With titles clipped from pop culture (such as “I do not think it means what you think it means,” lifted from The Princess Bride, itself a grand mock), this is an indictment of whatever vestige of “the American dream” remains, as the reader can see in a jaded take on Whitman’s “Song of Myself”:  “America, your song was too big to fail / Your song cost more than itself.” The poems slip like this from funny into somber, like a tough guy deflecting pain with humor, and then finally cracking.

Chained to each other and cleverly phrased in this language as tongue-in-cheek game, Schroeder’s poems constantly set up and break from expectations: “After a break // on whatever levels of the word, we can make up / reasons to repeat these moves we make, Love.” Here, in “Each One Goes Alone,” we get that comforting, euphemistic cliché, “make love,” broken by that direct address comma in such a way that both meanings come through, though—as is usual in this book—the conventional meaning is tainted and fraught with contempt, or at least strong critique. But cynicism gives way to internal collapse soon enough in most of these poems, as in “Code Name Is The Only One,” where Schroeder writes “your password is passive-aggressive… // Why can’t you guess this picture I encrypted / in invisible ink? It’s obvious it’s loneliness.” And loneliness here gets the last echoic silence after the laugh.

On Poetry’s podcast a while back, Don Share declared, “language makes lying possible.” These poems, as much as they accuse and complain, are odes to that language of lies, and to the greatest lie: that all of this belittling madness is not ephemeral,

    When we closed your eyes for good, you looked
    like you were checking the lids for pinpricks.

    When we closed ours, we could deny everything.


It’s always there, that hollow sense at the end of the joke, that hangover after the party:

                      Add in bed after any of my statements (in bed).
                               We’re Pete and Repeat sitting in a boat.

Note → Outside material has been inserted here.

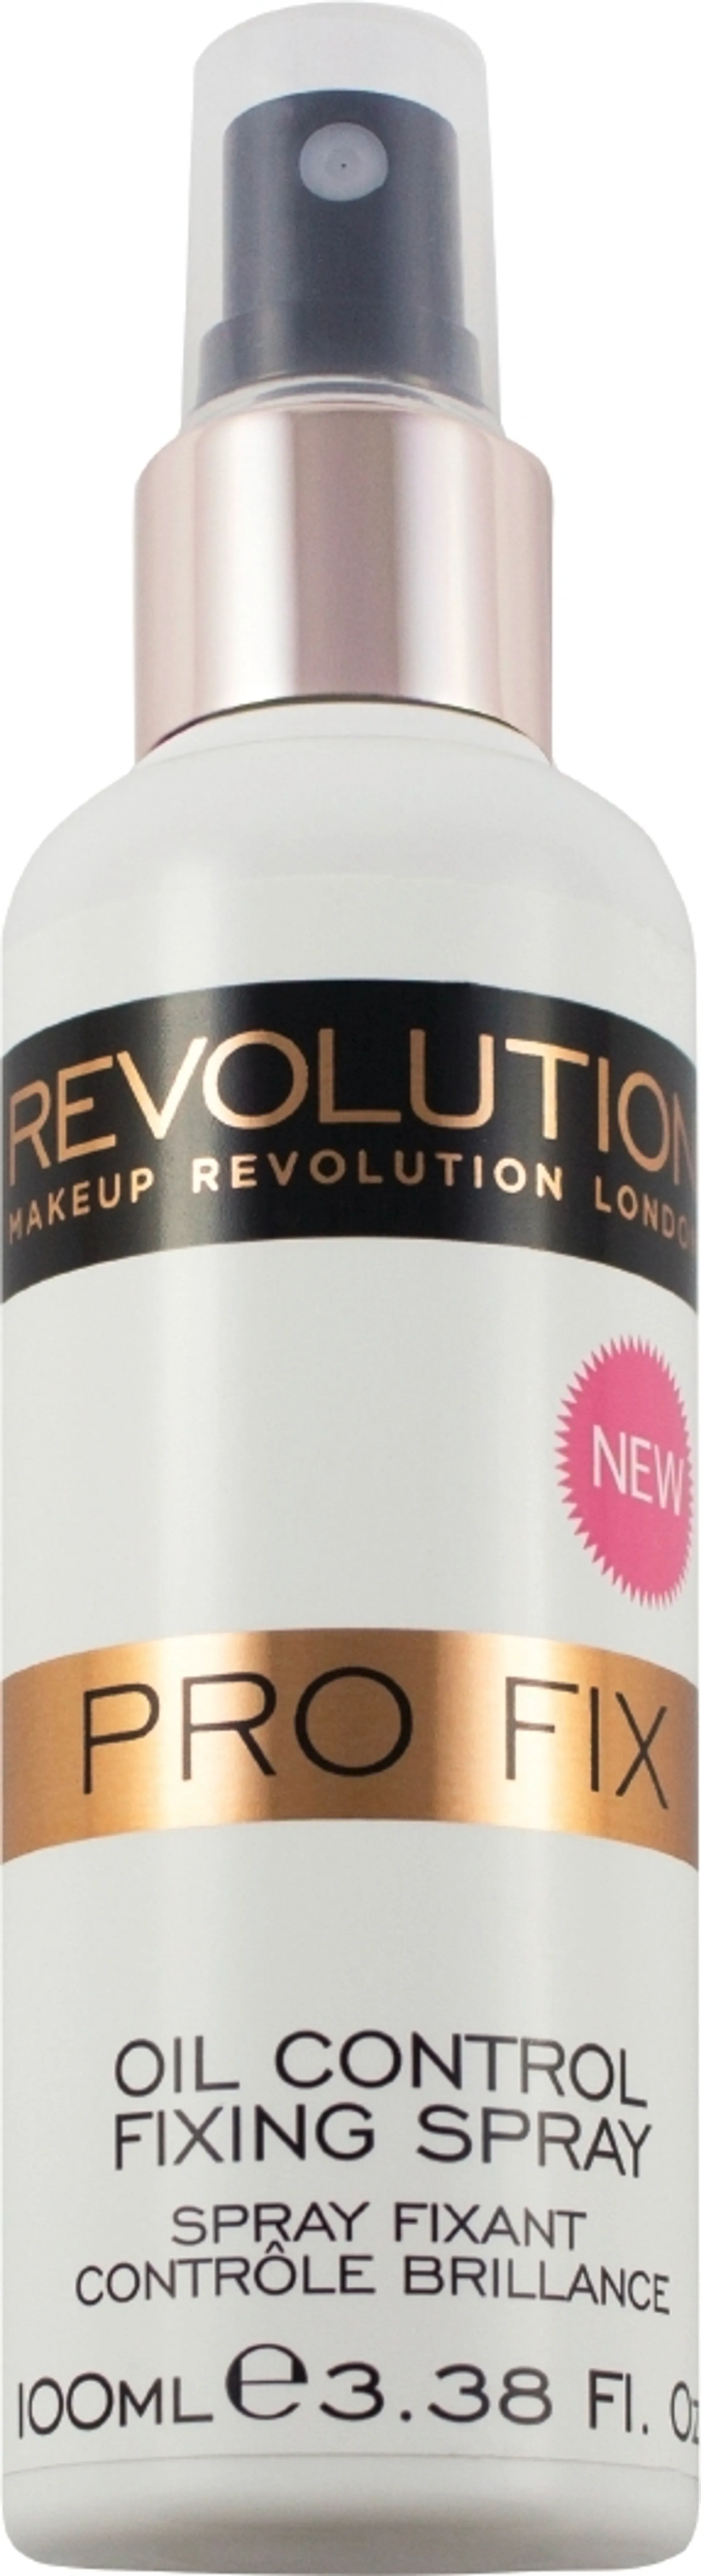 Makeup Revolution 100ml Pro Fix Oil Control Fixing Spray meikinkiinnityssuihke - 1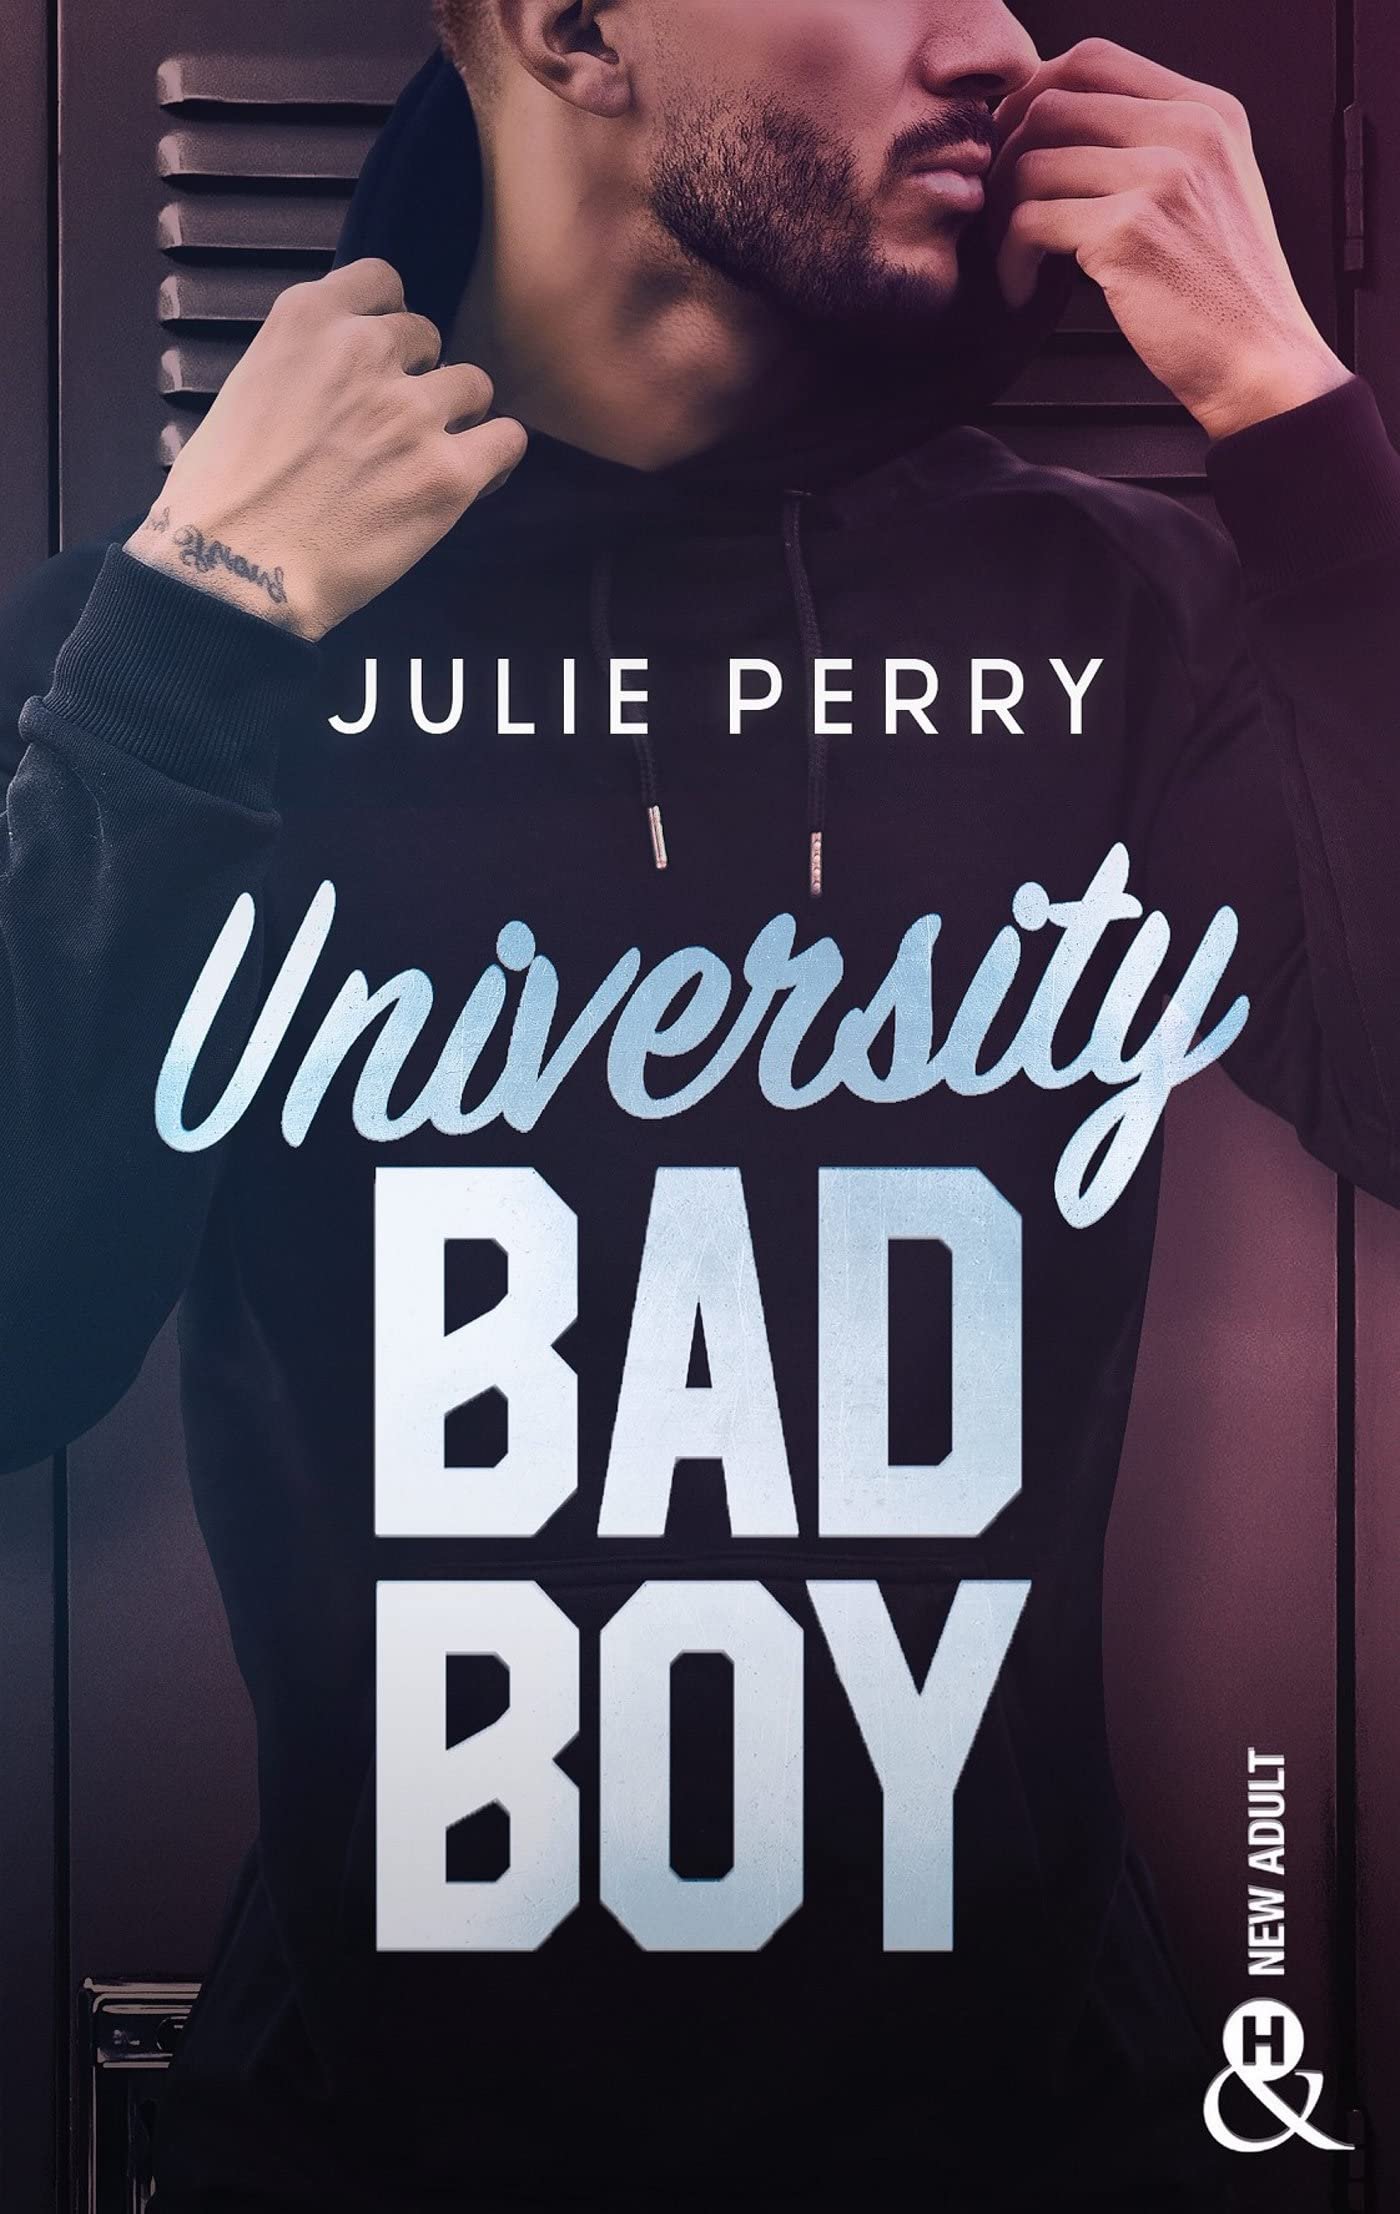 Julie Perry – University Bad Boy

    If I complement you, will you compliment me?
               When I’m with you, don’t whisper implications.
                        When I’m incognito, tell everyone I’m cute.
                                   When I’m gone, say I was beautiful.
 

A reveler in oxymorons and ironies, Schroeder rolls through The Royal Nonesuch with his cheeky, stinging mojo on full-tilt: “This bunker-buster bomb is user friendly, idiot proof and child safe for the entire family to enjoy, eight to 88 / This gun wants to tuck your kids into bed / This one would fuck anybody.” He’s a gamer and a scam artist to the very end, where he offers his “Transgressions” index, a sort of categorizing of the sins his poems illustrate, everything from “bad advice” to “substance abuse.” And though this collection can feel, at intervals, like it strikes the same note too many times, it’s fast-paced, double entendre, witty jabs and word games make it too much fun to put down. It’s a good laugh (itself difficult to pull off so intelligently in contemporary poetry) that also gradually builds a poignant sense of pathos for its conned and broken speaker.